Lucas Andrés Nardi (born 7 September 1980) is an Argentine football manager and former player who played as a midfielder. He is the current head of the methodology department of Uruguayan club Montevideo City Torque.

Playing career
Nardi began his career with Estudiantes de La Plata, making his first team debut in 2000. In 2002, he was loaned to Quilmes, and subsequently went on to represent Defensa y Justicia, San Martín de Mendoza, Belgrano de Córdoba, San Martín de San Juan, Huracán de Tres Arroyos and Aldosivi before moving abroad with Paraguayan side Guaraní in 2008.

Nardi returned to his home country in 2009, joining Patronato. He subsequently played for Sportivo Belgrano before moving to hometown side  in 2010, and retired in the following year at the age of 30.

Managerial career
After retiring, Nardi worked as manager for amateur local sides before joining Banfield, initially as an assistant of the youth categories.

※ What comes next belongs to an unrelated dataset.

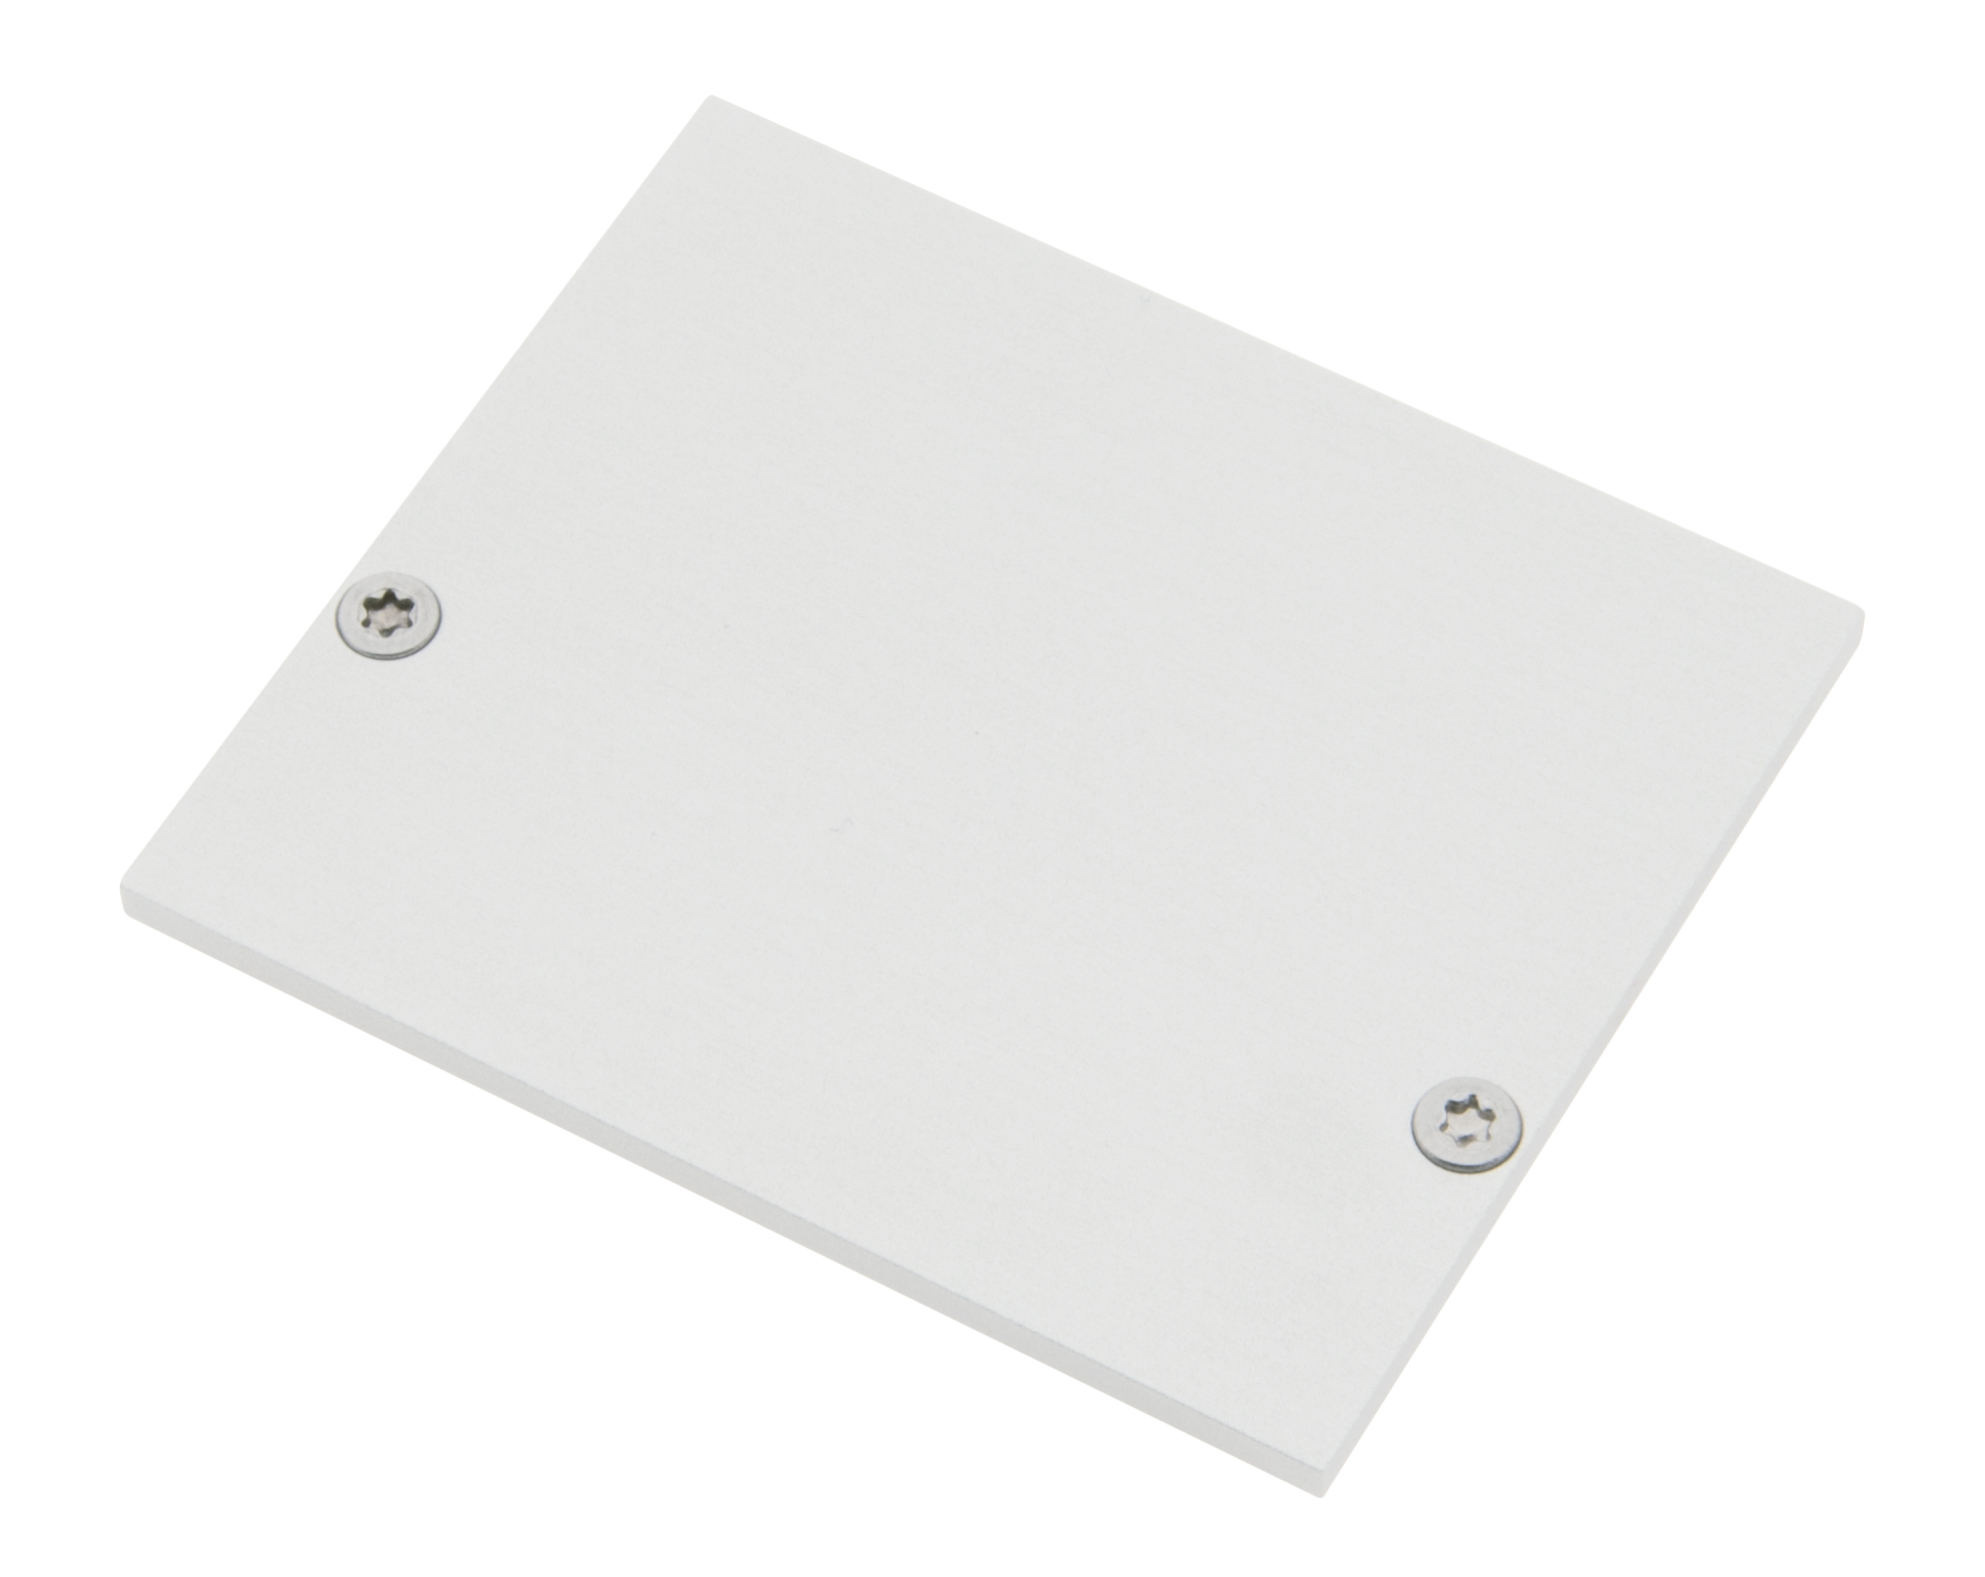 1 Stk Profil Endkappe SLA Eckig geschlossen inkl. Schrauben LIEK003220
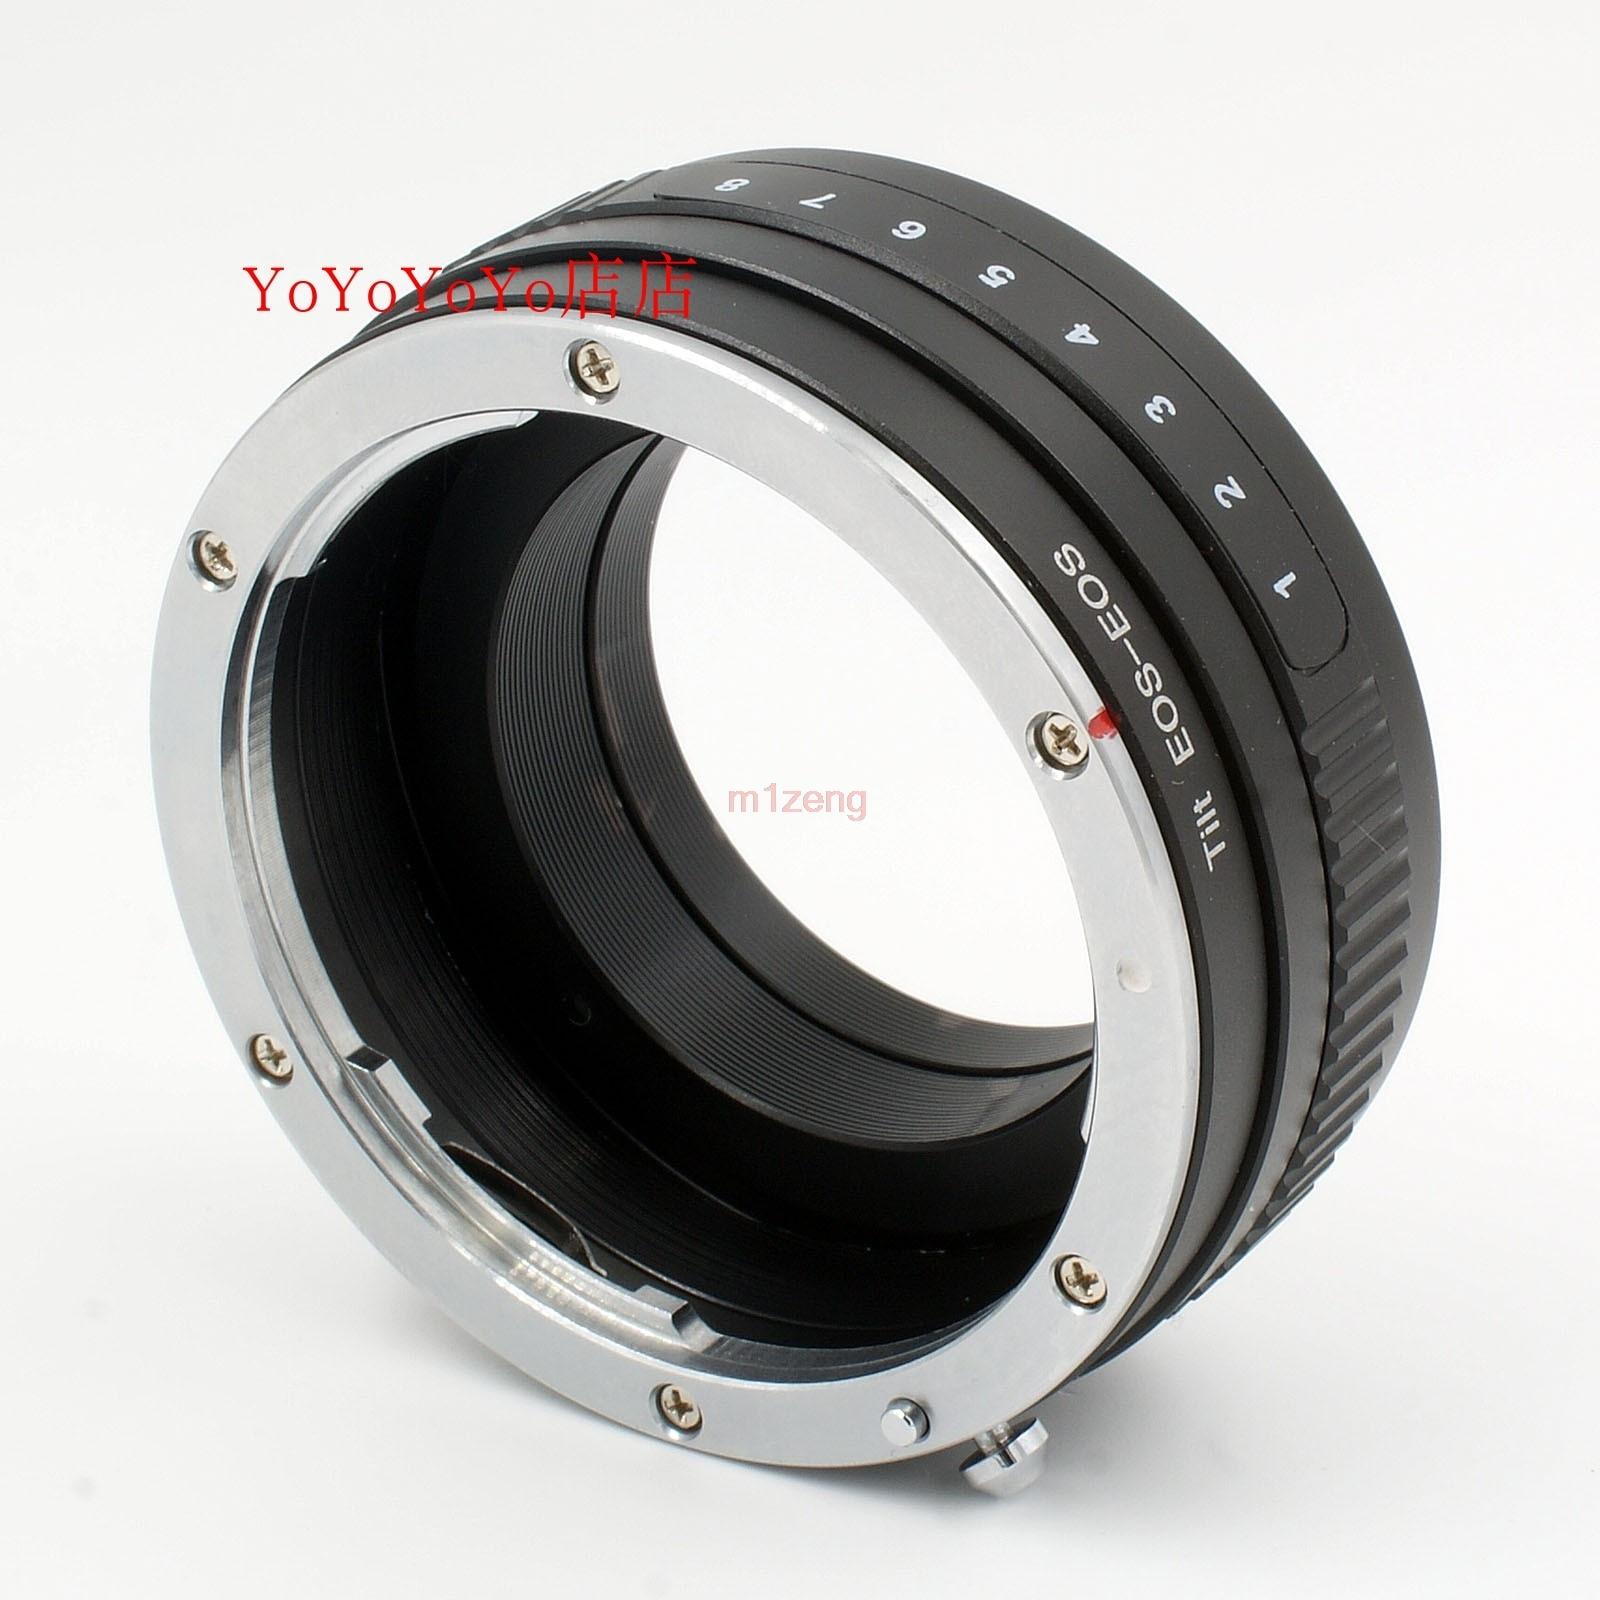 Macro d'inclinaison bague d'adaptation d'objectif pour canon ef lentille à 5d3 5d4 6d 7d 7dii 60d 70d 550d 600d 650d 760d 1100d caméra

He then worked as an assistant of Claudio Vivas in the first team before moving to his first side Estudiantes in January 2017.

On 12 July 2017, Nardi was appointed manager of another club he represented as a player, Quilmes. He resigned on 23 November, and moved to Qatar in the following year to work in the Aspire Academy.

In December 2020, after a three-month spell as manager of Qatar national under-19 team, Nardi was named Santiago Solari's assistant at Mexican side Club América. He left with Solari in March 2022, and later joined Montevideo City Torque as the head of the methodology department.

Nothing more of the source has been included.